I wonder if the goals of this addition could be achieved by simply adding an optional `cov` argument to np.corr, which would provide a pre-computed covariance. Either way, `covcorr` feels like a helper function that could exist in user code rather than numpy proper. On Wed, Oct 26, 2016 at 10:27 AM, Mathew S. Madhavacheril < mathewsyriac@gmail.com> wrote:

On Wed, Oct 26, 2016 at 1:46 PM, Stephan Hoyer <shoyer@gmail.com> wrote:
I wonder if the goals of this addition could be achieved by simply adding an optional `cov` argument
to np.corr, which would provide a pre-computed covariance.
That's a fair suggestion which I'm happy to switch to. This eliminates the need for two new functions. I'll add an optional `cov = False` argument to numpy.corrcoef that returns a tuple (corr, cov) instead.
Either way, `covcorr` feels like a helper function that could exist in user code rather than numpy proper.
The user would have to re-implement the part that converts the covariance matrix to a correlation coefficient. I made this PR to avoid that code duplication. Mathew

On Wed, Oct 26, 2016 at 11:03 AM, Mathew S. Madhavacheril < mathewsyriac@gmail.com> wrote:
With the API I was envisioning (or even your proposed API, for that matter), this function would only be a few lines, e.g., def covcorr(x): cov = np.cov(x) corr = np.corrcoef(x, cov=cov) return (cov, corr) Generally, functions this short should be provided as recipes (if at all) rather than be added to numpy proper, unless the need for them is extremely common.

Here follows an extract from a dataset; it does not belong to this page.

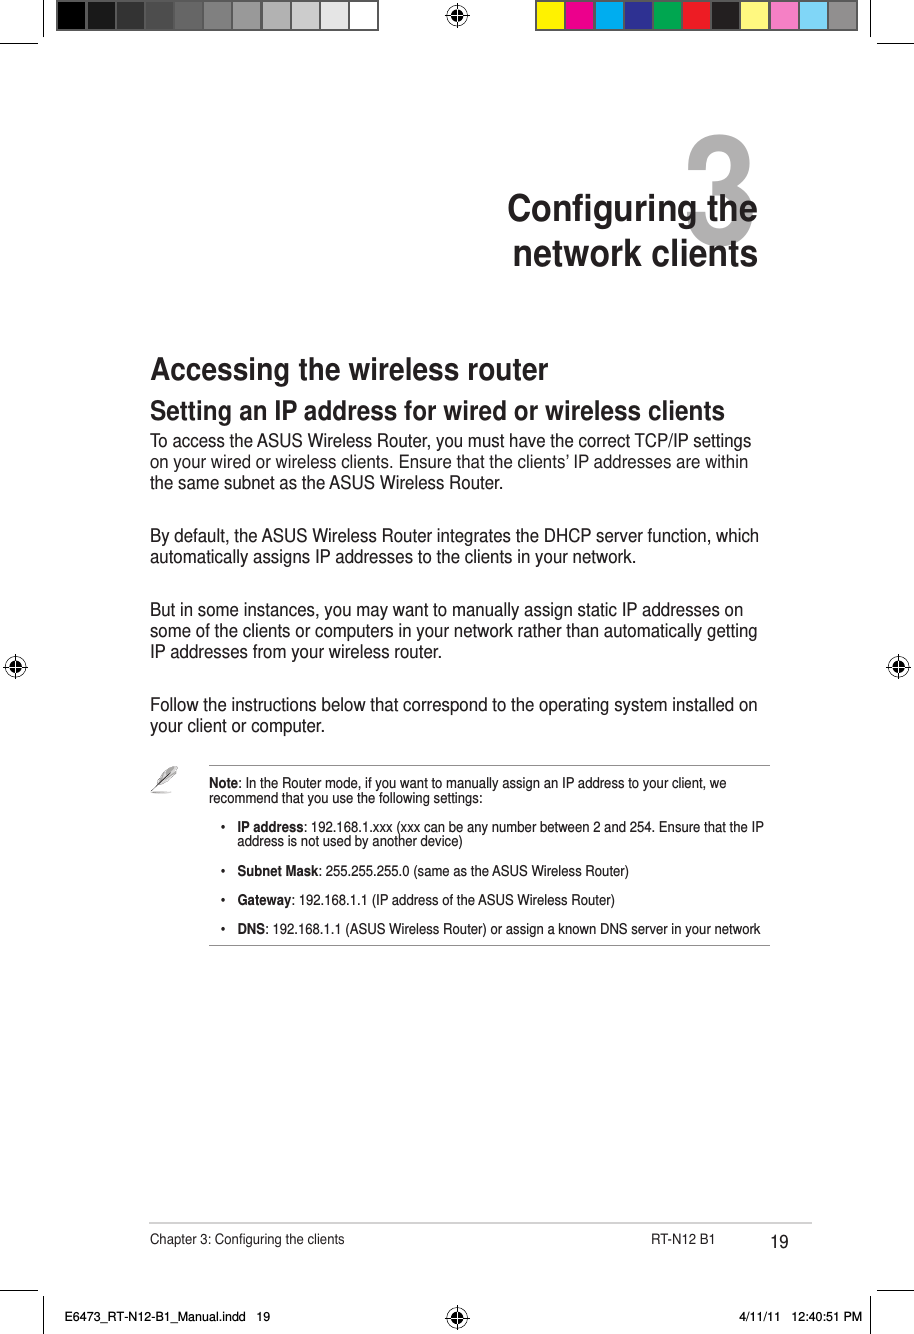 19Chapter 3: Conguring the clients                      RT-N12 B13Conguring the  network clientsAccessing the wireless routerSetting an IP address for wired or wireless clientsTo access the ASUS Wireless Router, you must have the correct TCP/IP settings on your wired or wireless clients. Ensure that the clients’ IP addresses are within the same subnet as the ASUS Wireless Router.By default, the ASUS Wireless Router integrates the DHCP server function, which automatically assigns IP addresses to the clients in your network.But in some instances, you may want to manually assign static IP addresses on some of the clients or computers in your network rather than automatically getting IP addresses from your wireless router.Follow the instructions below that correspond to the operating system installed on your client or computer.Note: In the Router mode, if you want to manually assign an IP address to your client, we recommend that you use the following settings:    •  IP address: 192.168.1.xxx (xxx can be any number between 2 and 254. Ensure that the IP      address is not used by another device)    •  Subnet Mask: 255.255.255.0 (same as the ASUS Wireless Router)    •  Gateway: 192.168.1.1 (IP address of the ASUS Wireless Router)    •  DNS: 192.168.1.1 (ASUS Wireless Router) or assign a known DNS server in your networkE6473_RT-N12-B1_Manual.indd   19 4/11/11   12:40:51 PM

On Wed, Oct 26, 2016 at 2:13 PM, Stephan Hoyer <shoyer@gmail.com> wrote:
Ah, I see what you were suggesting now. I agree that a function like covcorr need not be provided by numpy itself, but it would be tremendously useful if a pre-computed covariance could be provided to np.corrcoef. I can update this PR to just add `cov = None` to numpy.corrcoef and do an `if cov is not None` before calculating the covariance. Note however that in the case that `cov` is specified for np.corrcoef, the non-optional `x` argument is redundant.

On Wed, Oct 26, 2016 at 11:13 AM, Stephan Hoyer <shoyer@gmail.com> wrote:
IIUC, if you have a covariance matrix then you can compute the correlation matrix directly, without looking at 'x', so corrcoef(x, cov=cov) is a bit odd-looking. I think probably the API that makes the most sense is just to expose something like the covtocorr function (maybe it could have a less telegraphic name?)? And then, yeah, users can use that to build their own covcorr or whatever if they want it. -n -- Nathaniel J. Smith -- https://vorpus.org

On Wed, Oct 26, 2016 at 2:56 PM, Nathaniel Smith <njs@pobox.com> wrote:
Right, agreed, this is why I said `x` becomes redundant when `cov` is specified when calling `numpy.corrcoef`. So we have two alternatives: 1) Have `np.corrcoef` accept a boolean optional argument `covmat = False` that lets one obtain a tuple containing the covariance and the correlation matrices in the same call 2) Modify my original PR so that `np.covtocorr` remains (with possibly a better name) but remove `np.covcorr` since this is easy for the user to add. My preference is option 2.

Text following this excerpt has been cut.